Surprisingly, he didn’t throw up when he saw the carnage in the
utility closet. Maybe it was because it didn’t look like anything human, at least not from the waist up. Waist down, it was easy to see what had been going on—and he wasn’t sure how they were going to handle that, either—but above, it just looked like something from a slaughterhouse.
It was too surreal for him to be sick. Like everyone else, he stood around, waiting for the state police. It wasn’t even a close call. Let them handle it. This was a nightmare.
Baker realized someone was talking to him. Her voice snapped him out of his daze. He remembered he was supposed to be keeping a perimeter.
“Move along, ma’am,” he said automatically to the woman. “This is a crime scene.”
Only then did he really see whom he was talking to. She was a gorgeous blonde—she looked like someone he’d see in a magazine. But when she spoke again, he saw what was wrong with her, as half her face turned down in an ugly sneer.
“I know it’s a crime scene, dipshit,” she snapped. “That’s why we’re here.”

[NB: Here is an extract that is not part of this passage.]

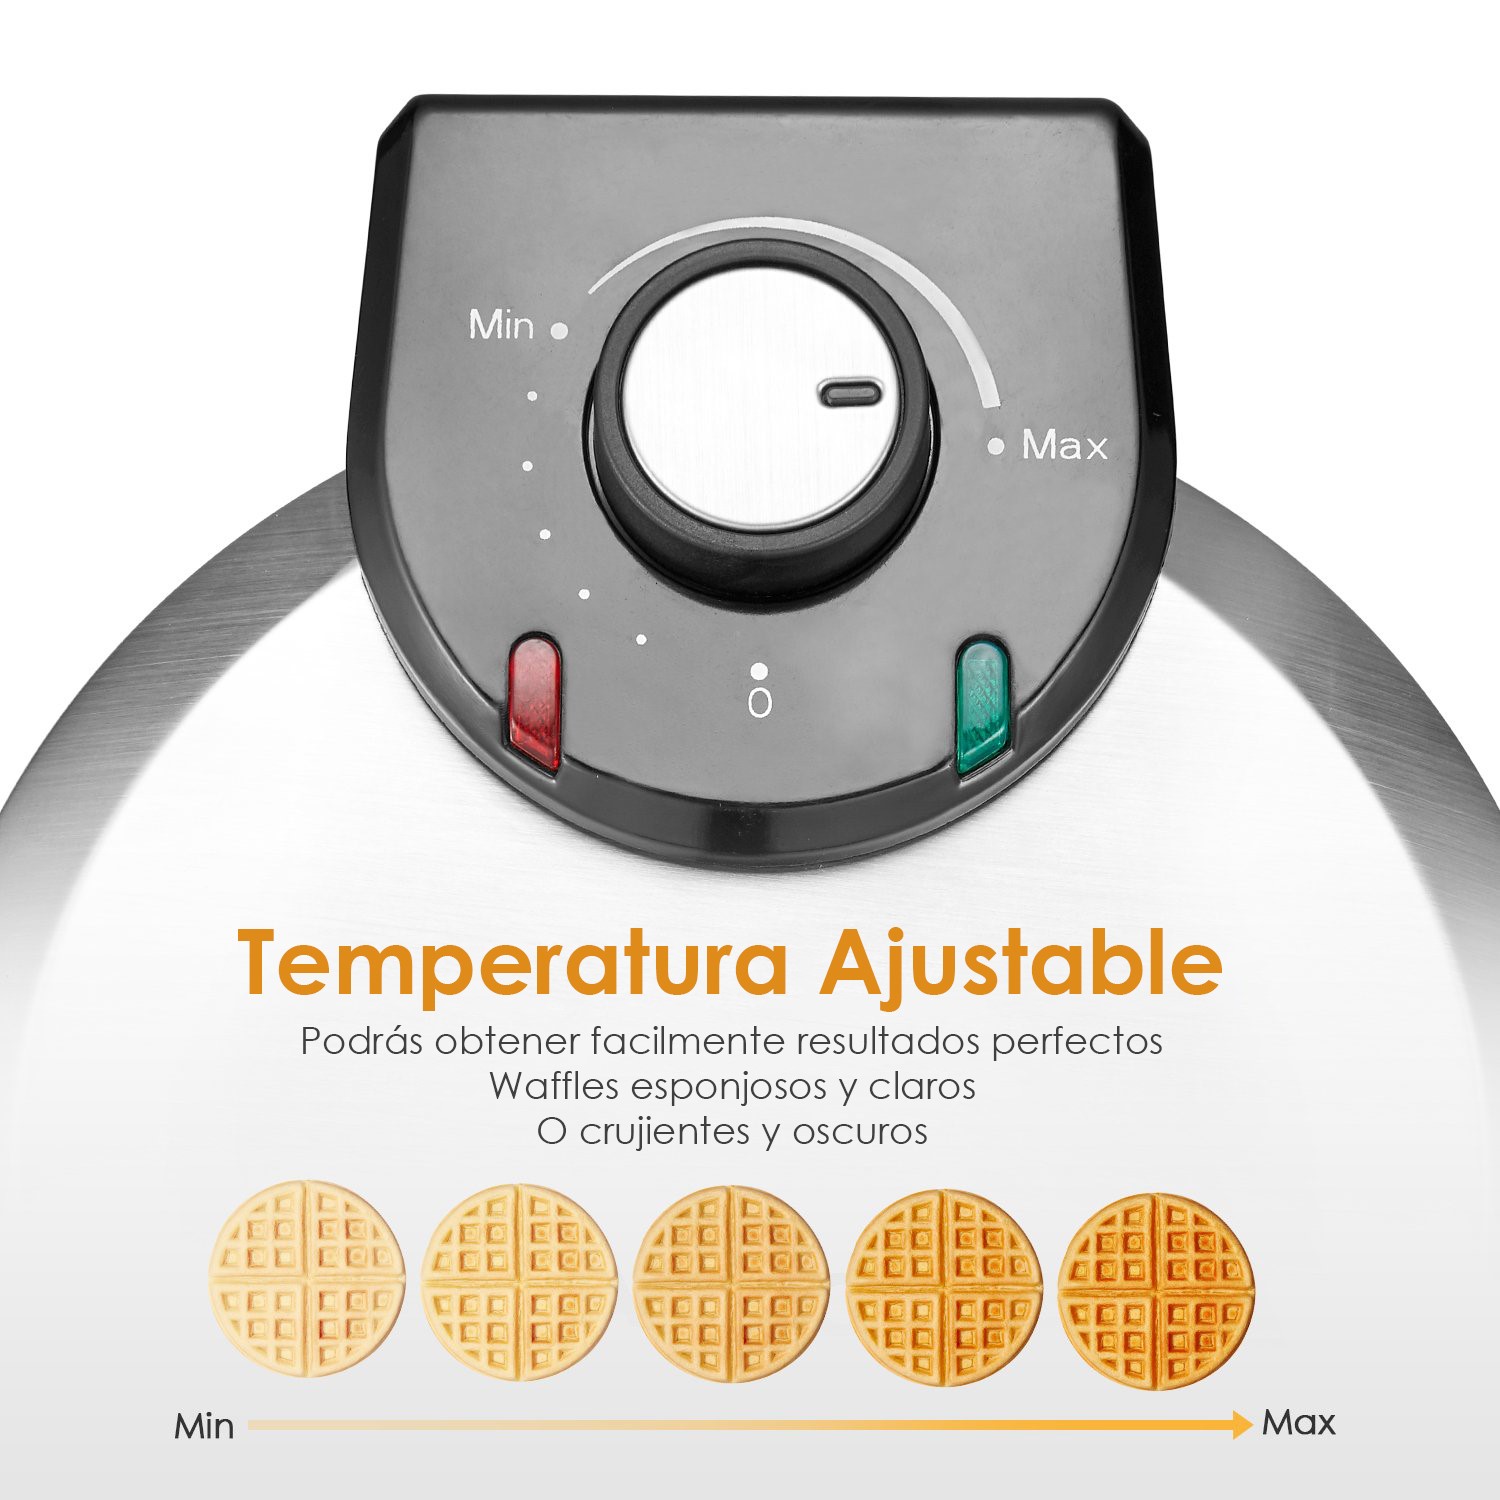 Waflera Circular Aicok SW-295 10 Temperaturas
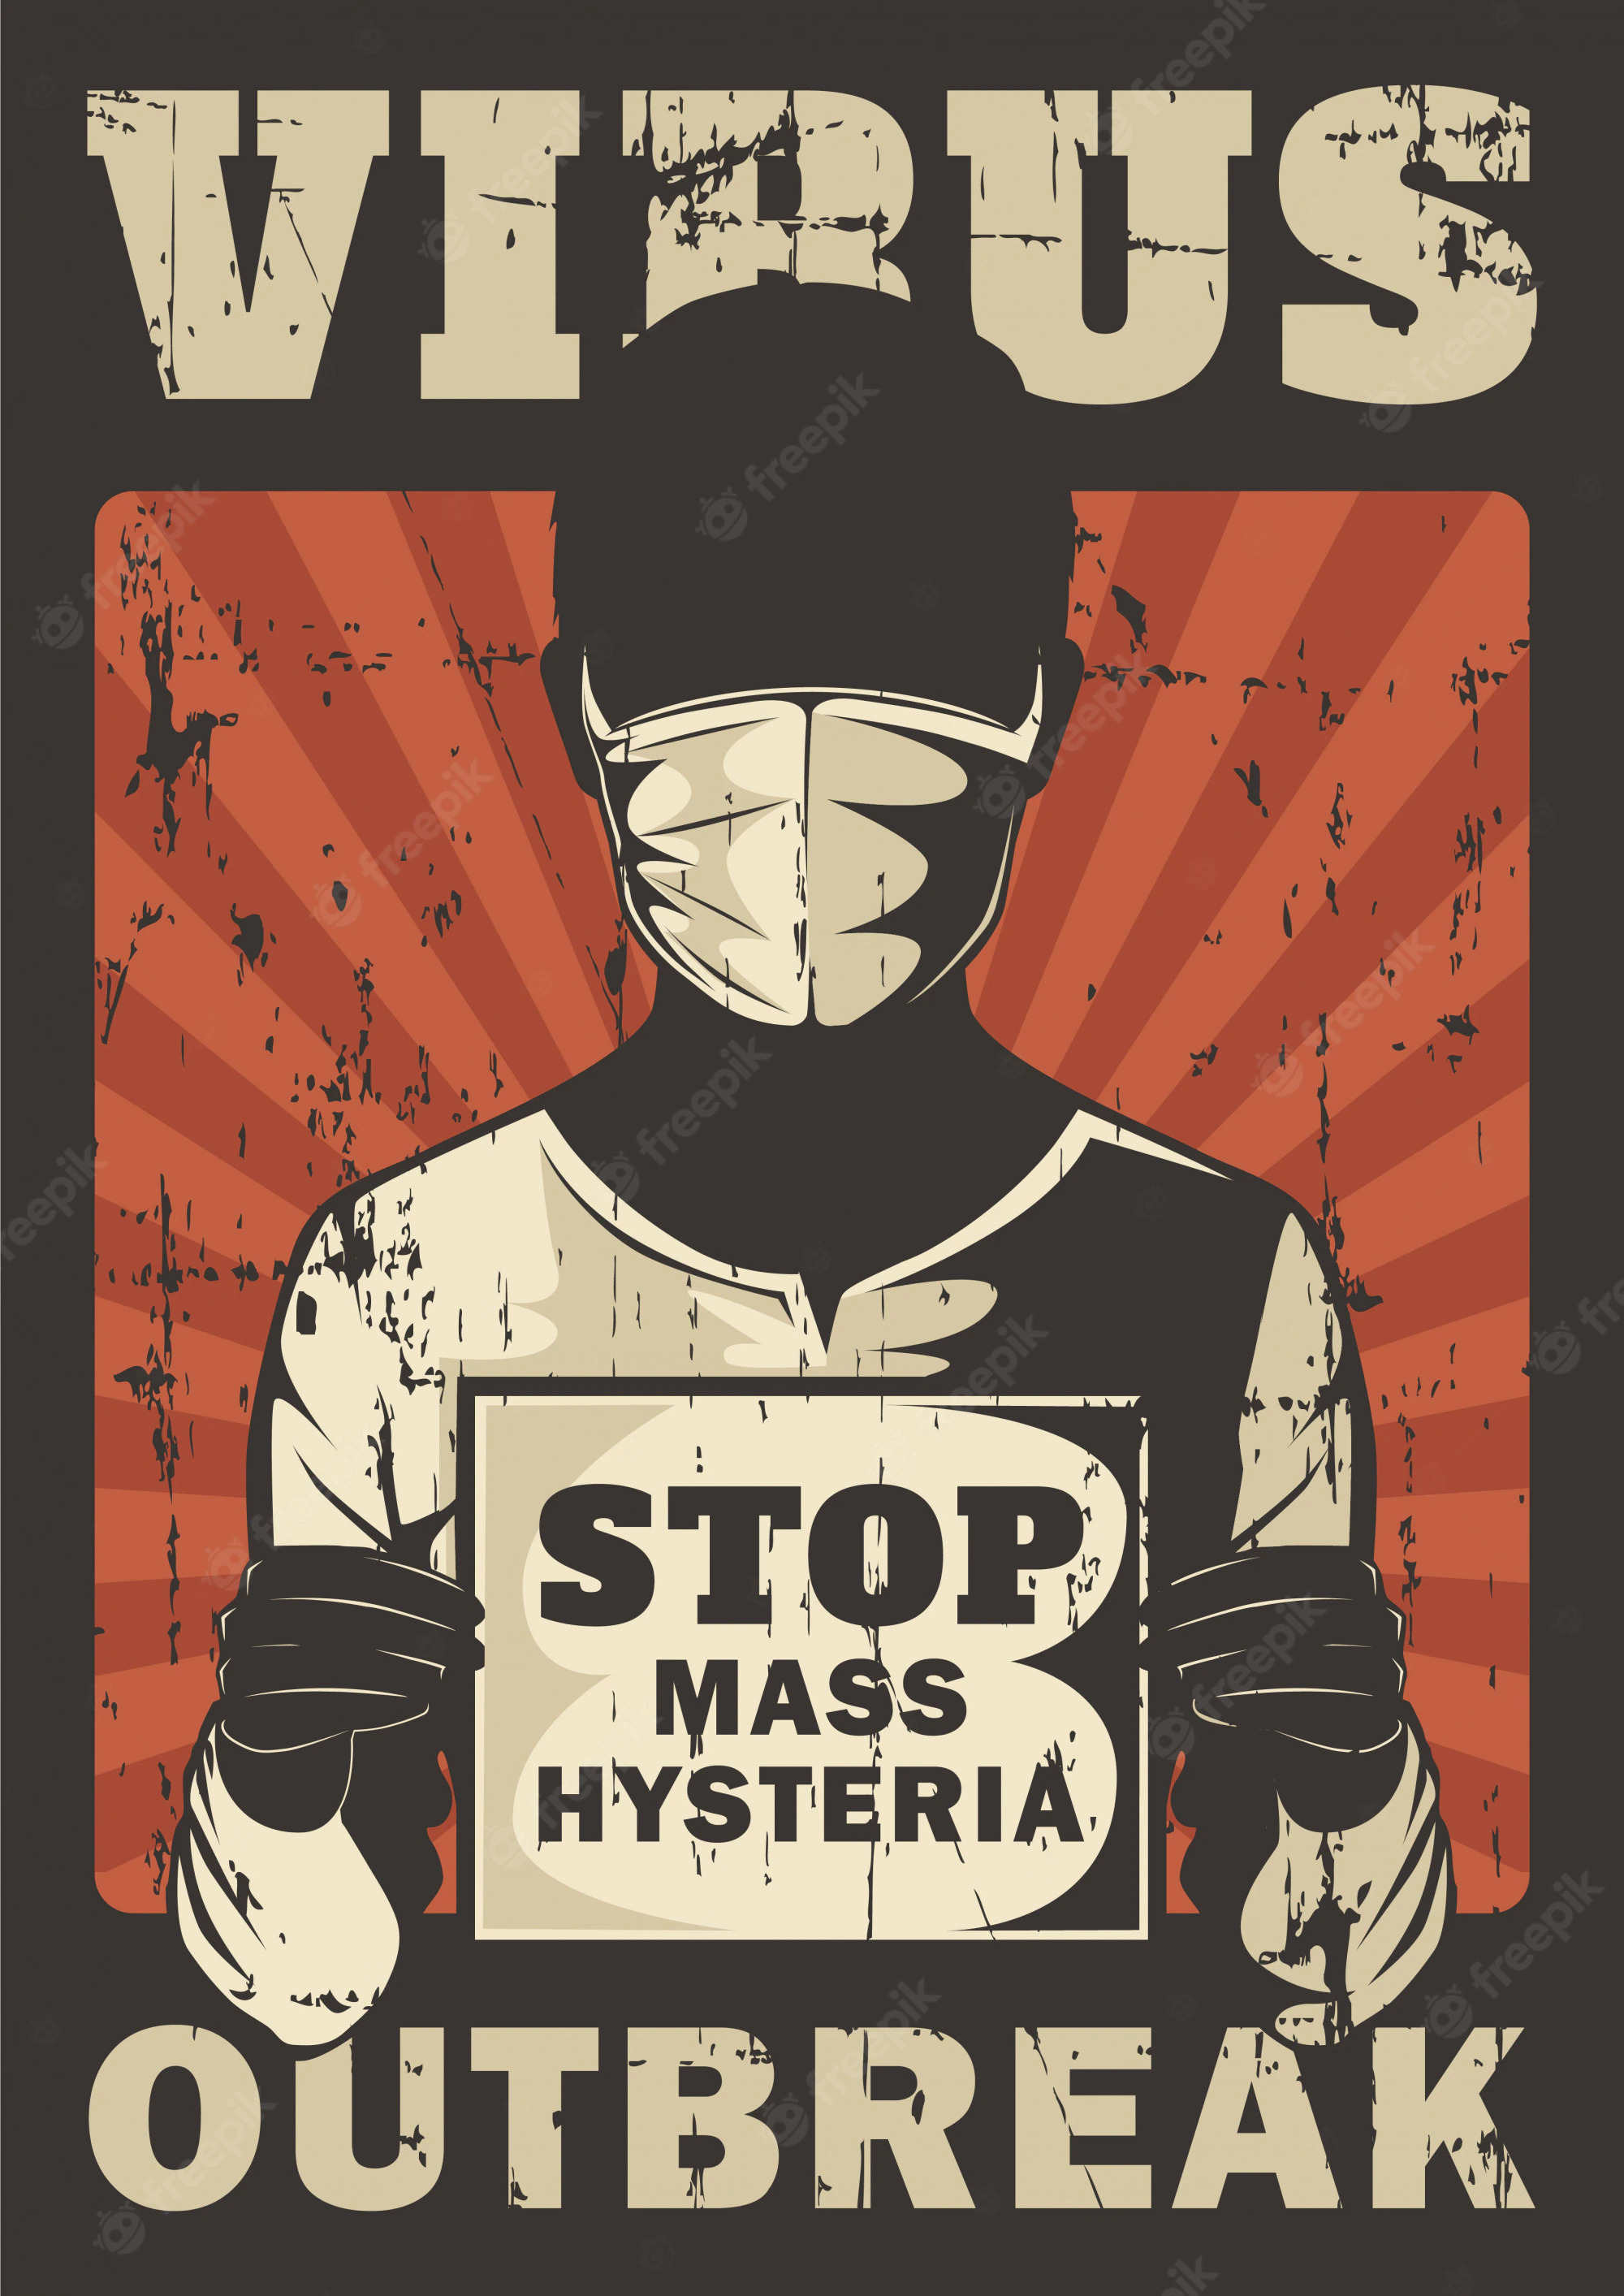 stop-mass-hysteria-corona-virus-covid-19-outbreak-propaganda-signage-poster-retro-rustic-vector_2699-393.jpg

Baker didn’t reply. He was staring. He knew it was rude, but he couldn’t stop himself. Half of the beautiful face simply didn’t move. It was frozen perfectly in place, as if preserved under a thick coat of shellac. The other side looked tired and angry, but the frozen part was fresh and perfectly calm.
Then she brought her creds right up to his nose, breaking his stare. He managed to read the letters “FBI” before his eyes crossed and blurred.
She pulled the badge and ID away and half-glared at him again. He felt mortified and stupid. His uncle had had a stroke, and half of his face didn’t work, either. She probably hated it when people stared, too.
“Sorry, ma’am,” he said. “I didn’t, uh, I didn’t know we’d called in any federal assistance yet.”
She was already moving past him, pulling one leg along with her in a kind of shuffle, on the same side as her immobile face. An older Latino man moved with her, lifting the crime-scene tape to allow her to get under it without stooping.